Flock (The Ravenhood #1)(3)



Toeing the door closed behind me, I glance around the foyer where a lone table sits with a large, empty vase that I’m sure costs more than my car. There’s a grand staircase to my right and to my left, a formal dining room. Deciding to skip the self-guided tour, I cradle my phone on my shoulder as I haul my bags up to the second floor. She answers on the second ring.

“Hey girl, I made it.”

“This is bullshit,” Christy greets as I enter my designated cell and glance around. Inside sits a stark white four-poster bed my dad had delivered, along with a matching dresser, chest of drawers and vanity. It’s regal in taste, stark white, and nothing at all like me, which isn’t surprising. He doesn’t know me.
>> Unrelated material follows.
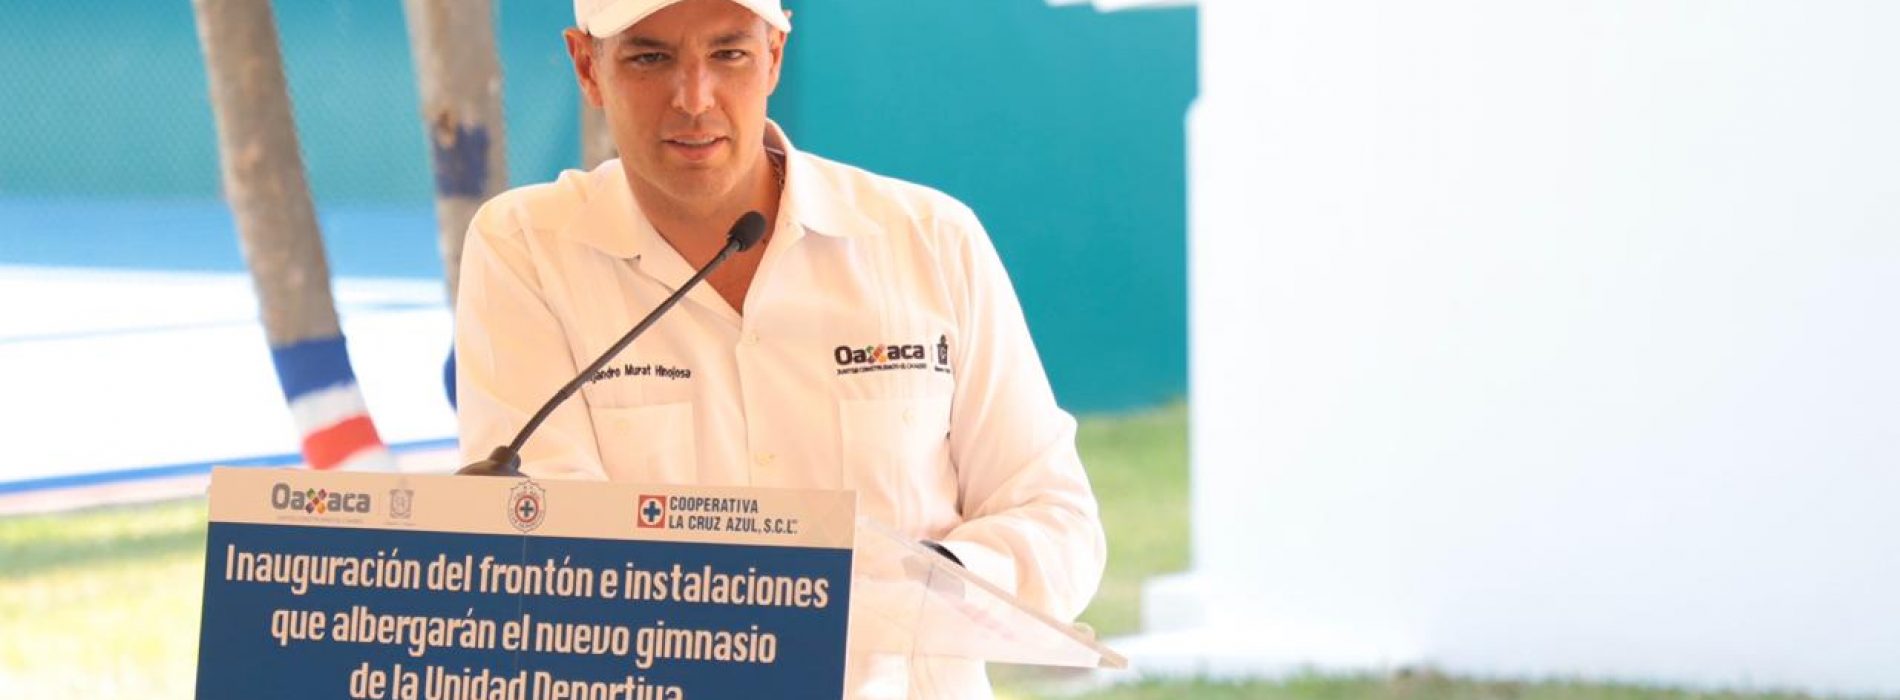 Desarrollo industrial, parte esencial para el crecimiento de Oaxaca: AMH

“It’s just until next fall.”

“That’s a year, Cecelia, a year. We just graduated. This is our last summer before college starts, and your mom decides to take time for herself?”

It’s not the whole truth, but I let her believe it for my mother’s sake because I’m still at a loss on how to explain it. The sad truth is my mother had a breakdown of epic proportions that led to her losing her job and scraping to pay bills she could no longer afford. Her boyfriend offered to let her stay with him, the operative word being her, not her bastard child. My mother and I have always been close, but even I don’t recognize her anymore. Despite my best efforts of being her good girl, she retreated into herself a few months ago, drinking White Russians day and night for weeks until she stopped getting out of bed. She’d all but abandoned me on her quest for a daily buzz. Though I’d tried, and desperately pressed for reasoning and answers she wouldn’t give, I didn’t know the first thing on how to help her, so I didn’t give her grief about entertaining my father’s proposed and conditional living arrangements.

Seeing her unravel like that was terrifying, and in her state, I didn’t want her going without, especially after all her years of being a single parent. When times became desperate, I asked my father to extend child support—just temporarily—to get her through financially, even though the money he sent monthly and without fail was a drop in the bucket for him—the cost of one of his tailored suits. He refused, and shortly before I graduated, he signed his last check, the act making it seem more like a final paycheck of services rendered like she’d been his employee.

In my wildest dreams, I can’t fathom how they ever coupled at any point, or how they could have been the two to conceive me because these are two people who had no business procreating. They are universal opposites. My mother is…or was until recently, a free spirit with plenty of vices. My father is a conservative with a critical tongue and militant self-discipline. From what I remember, his schedule is like clockwork and rarely changes. He wakes up, works out, eats half a grapefruit, and then goes to work until the sun sinks. His only indulgence when I was younger was a few tumblers of gin after a long day.. That’s the whole of the private information I know, due to his discretion. The rest I can look up online. He owns a Fortune 500 company that used to deal in chemicals but now manufactures electronics. His high rise is a little over an hour away in Charlotte, his primary manufacturing plant here in Triple Falls. I’m certain he built here because it’s where he grew up, and I have zero doubt he revels in rubbing his success in the noses of his former classmates, some of whom now work for him.

I’m to be another one of his employees starting tomorrow. I’m no trust fund baby, at least that was the case in the years I spent with Mom in our rented, rundown house. On my twentieth birthday, I’m to inherit a large amount of stock in the company along with a lump sum, and I know that the timeline is purposeful because he’s never wanted my mother anywhere near his fortune. His grudge for her clear in that sense. Add that to the fact he’s given the minimum over the years, keeping Mom in her respective place in his food chain makes it easy to see he has no lingering feelings for her.

For a brief time, I’ve lived on both sides of poverty due to their night and day lifestyles, and to spite his wishes, I’ll take the stock and money and go against every one of them. The minute I’m able, my mother will never work again. Any amount of success I have, I’m determined to earn for myself, but the fear of failing along with the possibility that gambling on myself would ultimately cost her is what brought me here. But in order to carry out my plan, I have to play along with his, and that includes being ‘appreciative and respectful enough to learn the business, even if it’s from the ground level.’

The hardest part of that will be to tame my mouth and silence my resentment, which is front and center since he could have spared us both an awkward year together by simply having a fucking heart with the woman who has done both their jobs as my parent.

I don’t exactly hate my father, but I don’t understand him or his unapologetic cruelty, and never will. I’m not about to spend the next year trying to figure him out. Any communication on his part has always felt mandatory and rushed. He’s always been a monetary provider, not a dad. I respect his work ethic and success but have zero understanding as to the whys of his lack of empathy and the chill of his sub-zero personality.

“I’ll come home every chance I can,” I tell Christy, unsure I can make it a promise due to my schedule.

“I’ll come up too.”

Opening the top of my chest of drawers, I toss in a pile of socks and undies, “Let’s see how Adolf feels about you occupying a guest room before you gas up, okay?”